Шесть зим и одно лето - Александр Коноплин 19 стр.


— А что, может, и верно, пойти к попу? — глядя на меня, сказал бывший капитан. — Только вдруг я и его однажды своей дубинкой достал? Не отпустит ведь, долгогривый, нет! — он невесело засмеялся, и я увидел в глубине его рта стальные зубы, а на щеке сбоку — старый шрам. Ранен был капитан, защищая Родину, а теперь его самого защитить некому.

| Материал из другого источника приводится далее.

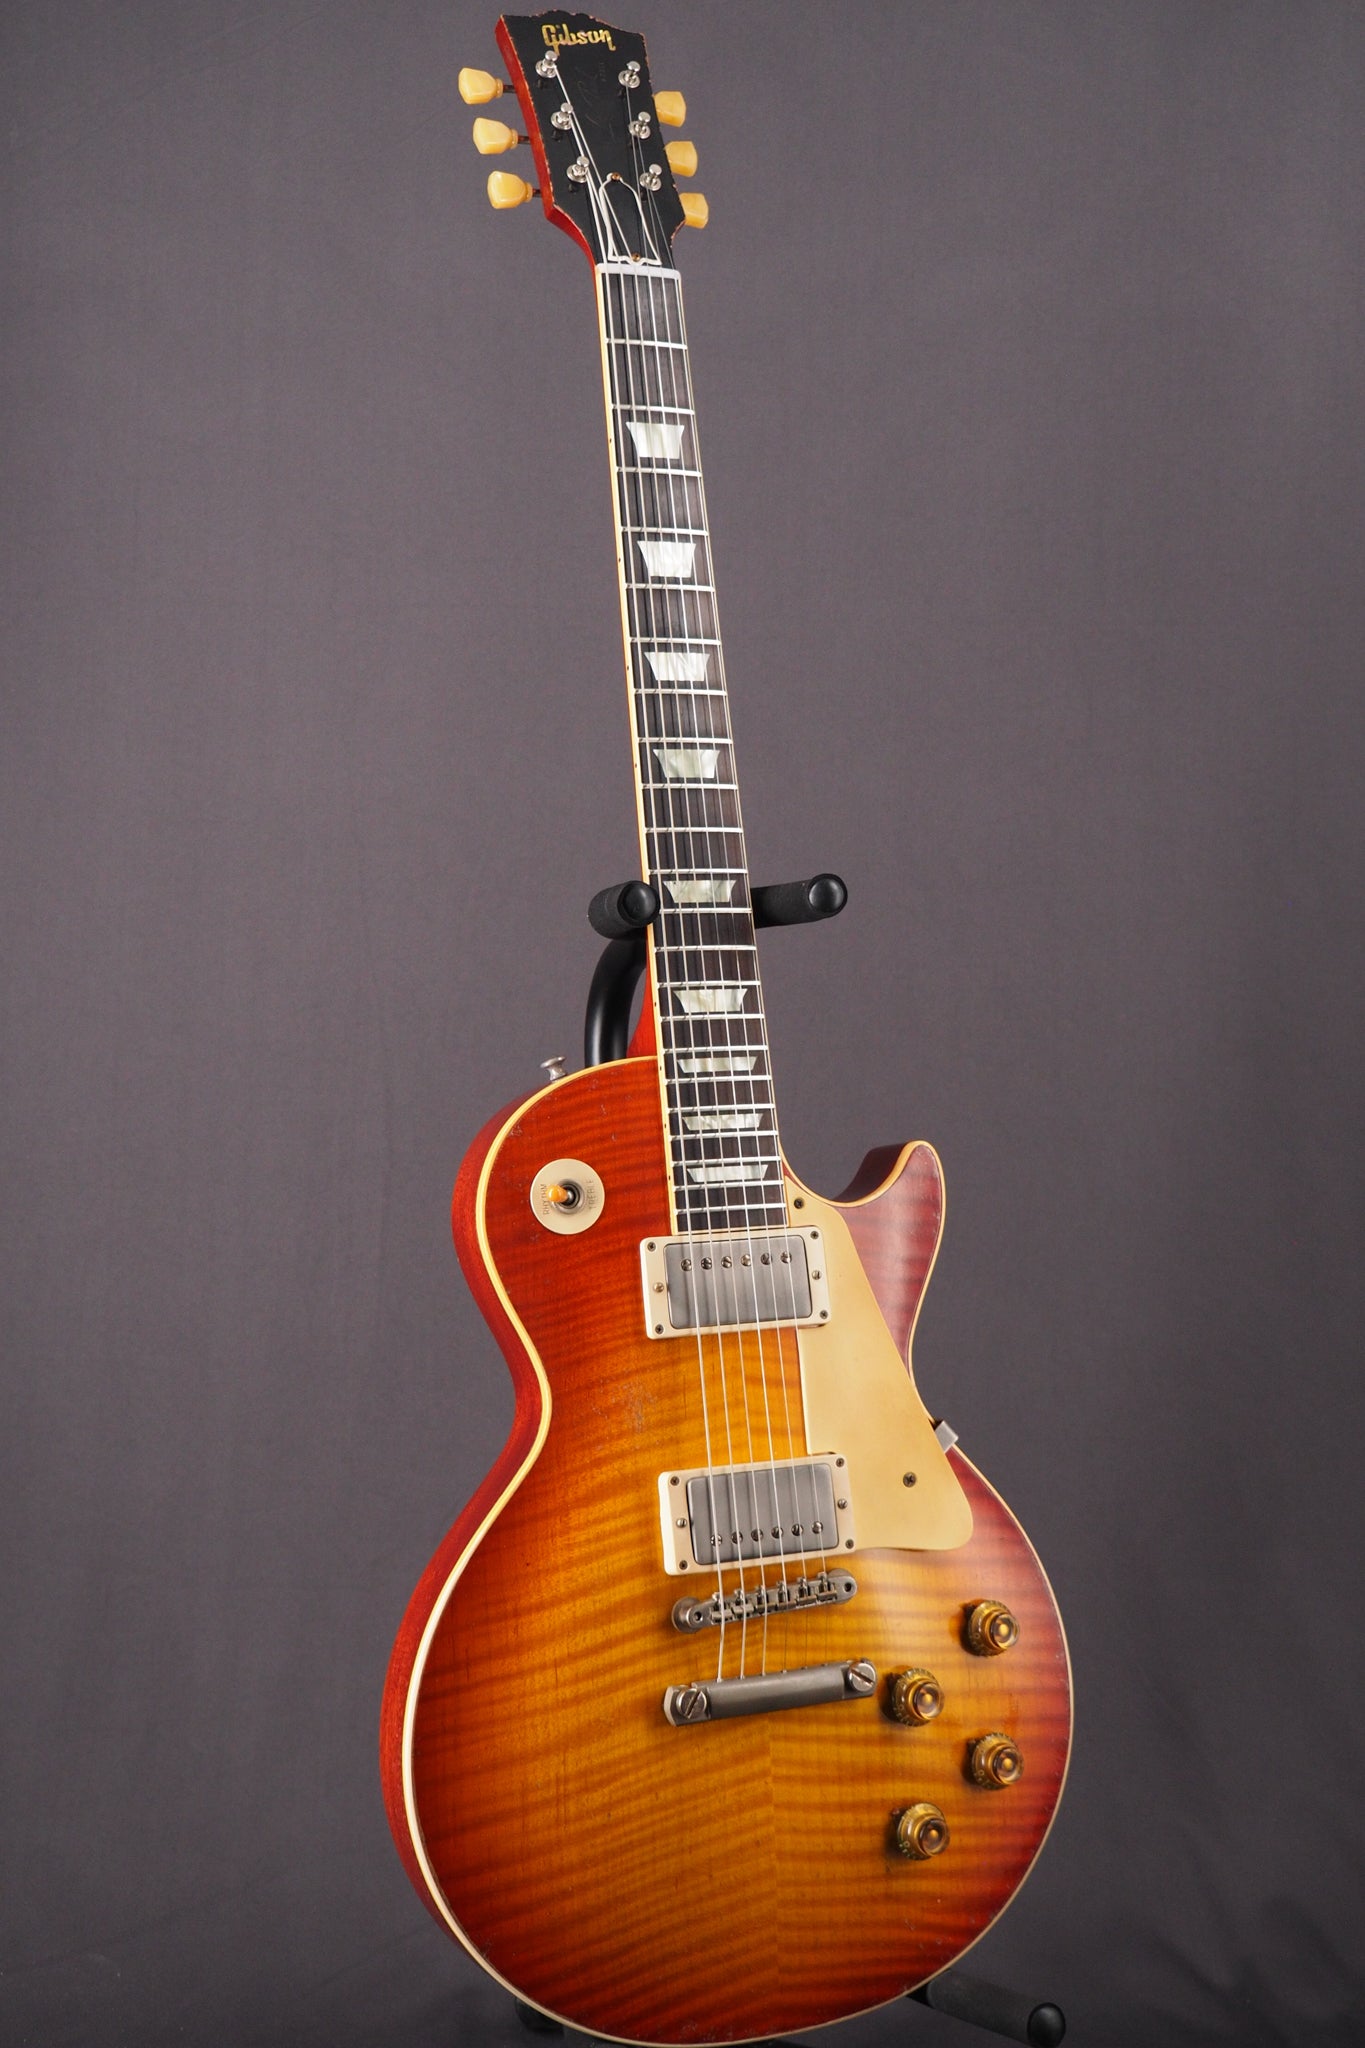 '59 Les Paul Reissue Limited Edition Brazilian Rosewood - Tom's Cherry

Пересыльный лагерь — ОЛП № 7 — в поселке Сухобезводное был известен в Унжлаге не только хорошей больницей и гениальным доктором Данилычем. Здесь имелся лесопильный завод, поставлявший пиломатериалы на мебельный комбинат в Котлас; кроме того, он производил «палубник» и «авиационник», а также шахтные стойки. Кроме больных на пересылке из этапов оседали специалисты-лесообработчики, механики пилорам, токари по дереву, столяры-модельщики.

Бродя по зоне в ожидании этапа, я обратил внимание на барак с широкими дверями и высокими окнами. У входа кучей были свалены рейки и готовые подрамники.

Поколебавшись немного, я вошел и оказался в большом зале, сплошь уставленном портретами вождей в багетных рамах. Розовощекие, молодцеватые ворошиловы, буденные, сталины, молотовы, коневы, рокоссовские, говоровы, берии и маленковы смотрели на меня умными, то ласковыми, то суровыми, глазами. Сильно пахло скипидаром и сырым деревом.

— Тебе чего? — не очень любезно спросил появившийся откуда-то парень в испачканном красками халате. — Культорг прислал? Так передай: в гробу мы видели его лозунги! Пускай идет к Цветкову.

— Я не от культорга. Из больнички выписался, вот… брожу покуда. Этап должен быть…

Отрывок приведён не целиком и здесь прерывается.